To learn more about this deployment, see instances.

Deploying to sourcegraph.com

Every commit to the release branch (the default branch) on deploy-sourcegraph-cloud deploys the Kubernetes YAML in this repository to our dot-com cluster in CI (i.e. if CI is green then the latest config in the release branch is deployed).

Deploys on sourcegraph.com are currently handled by Renovate. The Renovate dashboard shows logs for previous runs and allows you to predict when the next run will happen.

If you want to expedite a deploy, you can manually create and merge a PR that updates the Docker image tags in deploy-sourcegraph-cloud. You can find the desired Docker image tags by looking at the output of the Docker build step in CI on sourcegraph/sourcegraph main branch or by looking at Docker Hub.

Deploying to sourcegraph.com during code freeze

Note: sample for code freeze.

Image build

To ensure stability during a code freeze, a separate release/YYYY-MM-dd branch will be created from main, with only approved commits to be cherry-picked onto release/YYYY-MM-dd branch for release. To ensure any compability between the main and release/YYYY-MM-dd branches, ALL commits must first be merged to main and pass CI for being cherry-picked. All tests will be run on the release/YYYY-MM-dd branch and must pass before docker images are published to docker hub. When creating a hotfix PR in sourcegraph/sourcegraph, it is important to create a branch with prefix main-dry-run/ (it enables CI pipeline similar to the pipeline which is run against every commit in main branch). This can be done with:

sg ci build main-dry-run

More about pipeline run types.

Deploy

During the code freeze, Renovate will be disabled on YYYY-MM-dd + and no automatic updates to Kubernetes manifests will be made. To deploy your changes, you can manually create and merge (requires approval from CloudDevops) a PR that updates the Docker image tags in deploy-sourcegraph-cloud. You can find the desired Docker image tags by looking at the output of the Docker build step in CI on sourcegraph/sourcegraph release/YYYY-MM-dd branch or by looking at Docker Hub.

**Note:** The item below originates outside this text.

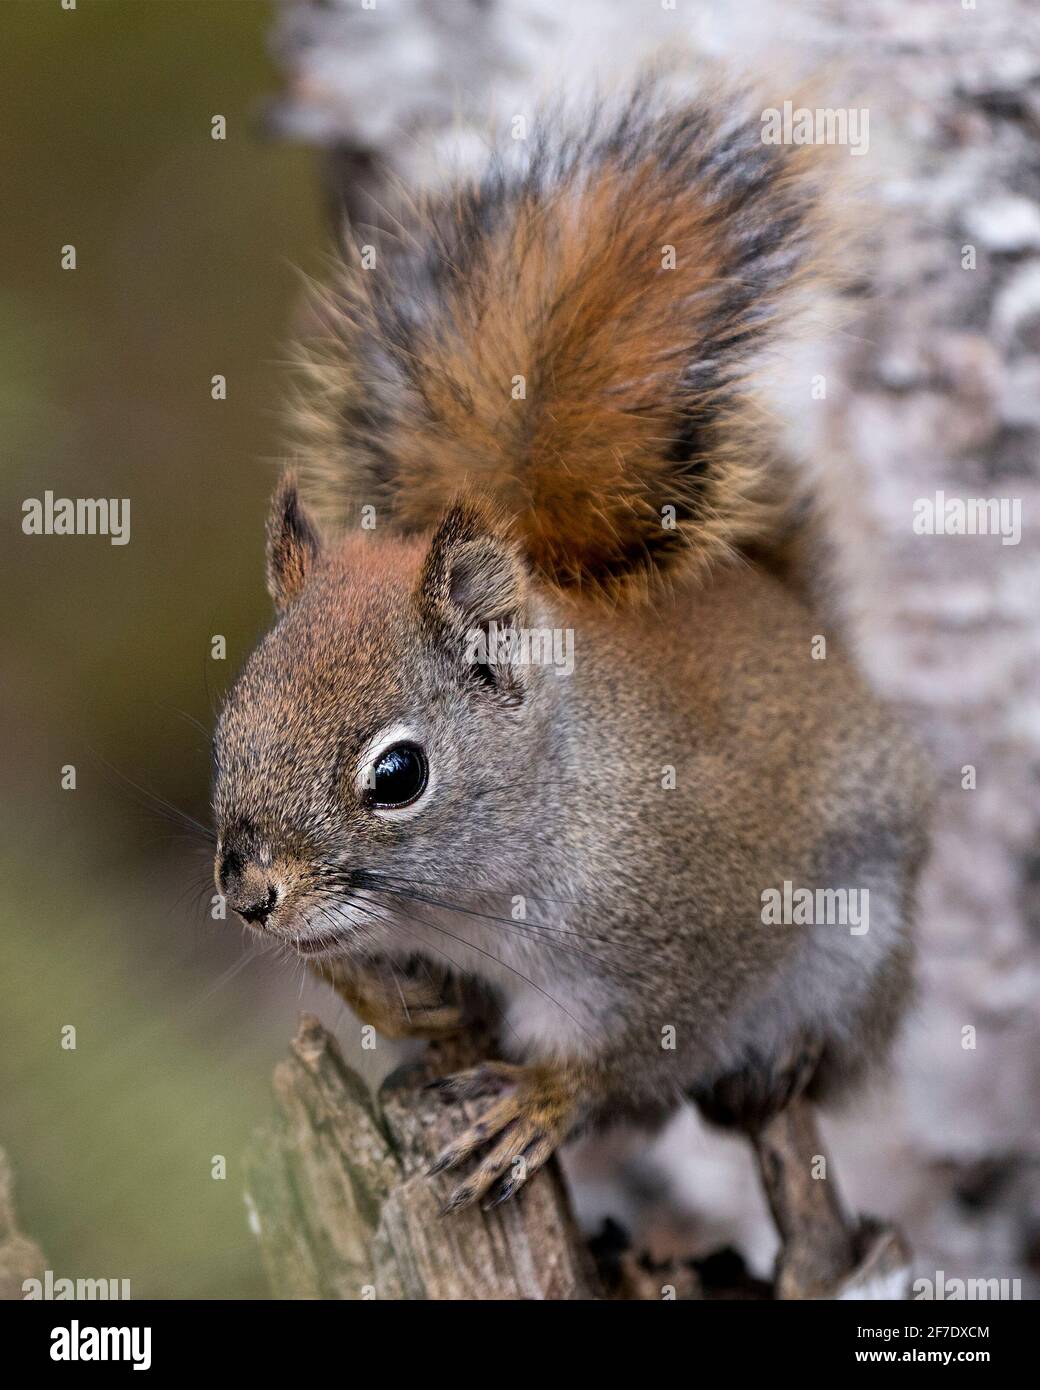 Eichhörnchen Kopf Nahaufnahme Vorderansicht sitzt auf einem Baumstumpf mit einem verschwommenen Hintergrund in seiner Umgebung und Lebensraum mit buschigen Schwanz, braunem Fell. Stockfoto

Once your PR has been merged, you can follow the deployment via CI on the release branch.

Manually deploying a service to sourcegraph.com

Sometimes you need to manually deploy a service to sourcegraph.com instead of relying on our CD process i.e. hotfix during code freeze.

Usually you’ll know the build from which you’d like to deploy, we’ll use a specific build of gitserver as an example:

  1. Find the green build in Buildkite

  2. Find the step that built the Docker image for your service

  3. Find the image, which will have the format index.docker.io/sourcegraph/{SERVICE}:{TIMESTAMP}@sha256:{HASH}

  4. Pull the latest from deploy-sourcegraph-cloud

  5. Check out the release branch

  6. Create a new branch

  7. Run the update-images.py script using the image URL from step 3. For example:

    ./update-images.py index.docker.io/sourcegraph/gitserver:118059_2021-11-29_05fcc11@sha256:0c8a862e7977a830e2fa8a690ac243eea1255c150766a44b6c6c86df959d224f
    
  8. Commit, push your changes and have them reviewed either by CloudDevops.

  9. Once merged, the CD process will take over and deploy the image(s) you’ve updated

Rolling back sourcegraph.com

To roll back soucegraph.com, push a new commit to the release branch in deploy-sourcegraph-cloud that reverts the image tags and configuration to the desired state.

# Ensure that you're up-to-date
git checkout release
git pull

# Rollback the release branch to $COMMIT
# See https://stackoverflow.com/a/21718540 if you want more context
git revert --no-commit $COMMIT..HEAD

# Push the revert commit back to the release branch
git commit
git push origin release

Buildkite will deploy the working commit to sourcegraph.com.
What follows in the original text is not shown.